### TASK
When the line with "Pants Emily Technical Jersey | Black" turns up below, begin repeating exactly, and carry on through the line with "Let's Talk Sh!t"; no pictures go into the copy.

### SUPPLIED RECORDS

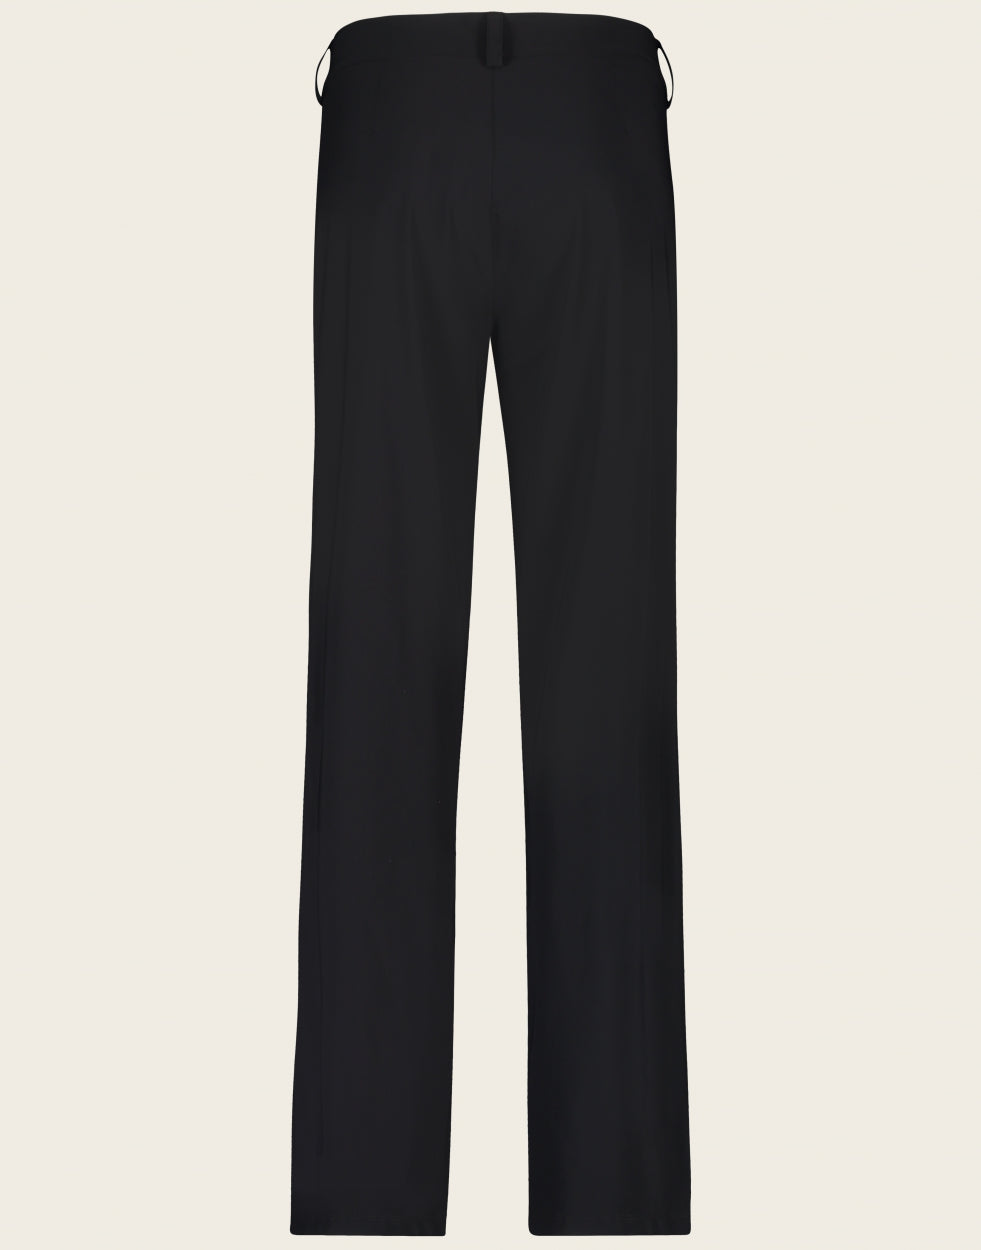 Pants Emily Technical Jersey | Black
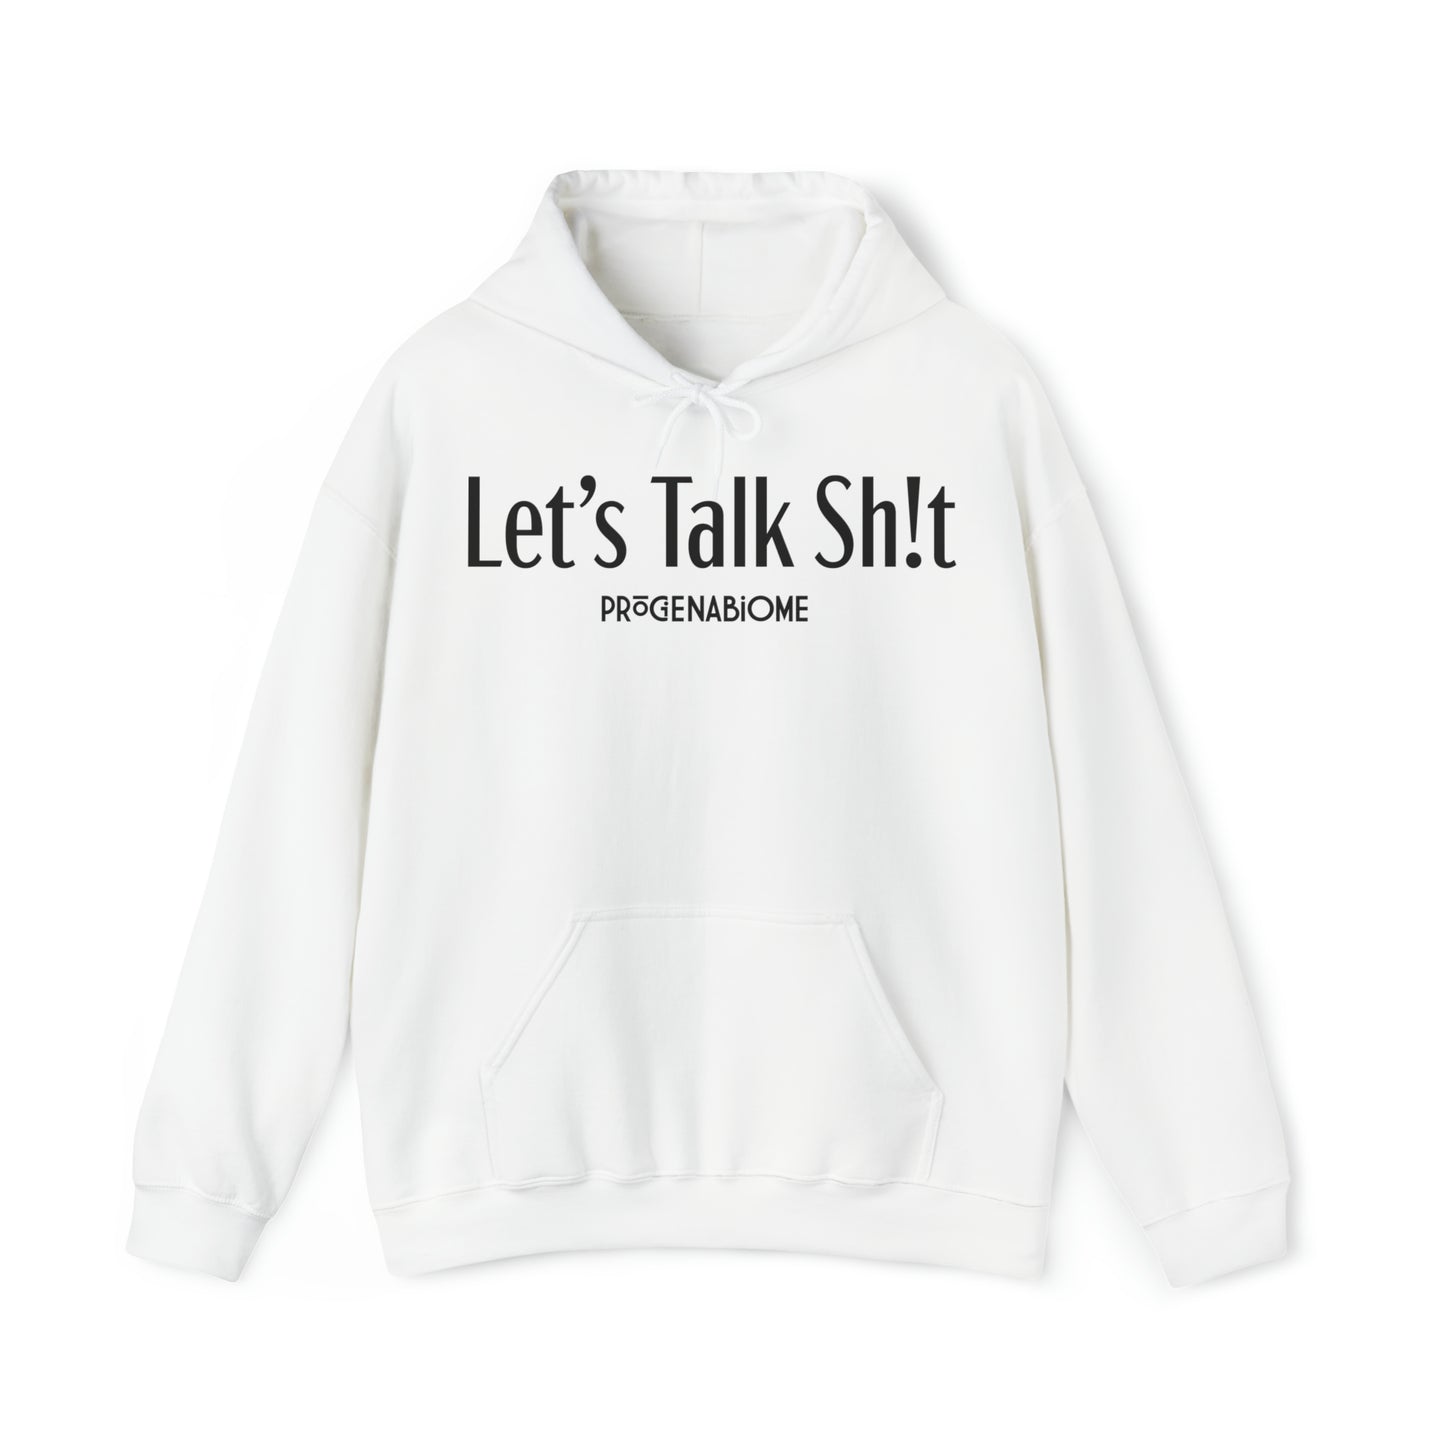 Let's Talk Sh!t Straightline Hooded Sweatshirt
* * *
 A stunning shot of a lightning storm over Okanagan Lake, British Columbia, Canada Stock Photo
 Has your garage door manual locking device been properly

### ANSWER SECTION
 Pants Emily Technical Jersey | Black
 Let's Talk Sh!t Straightline Hooded Sweatshirt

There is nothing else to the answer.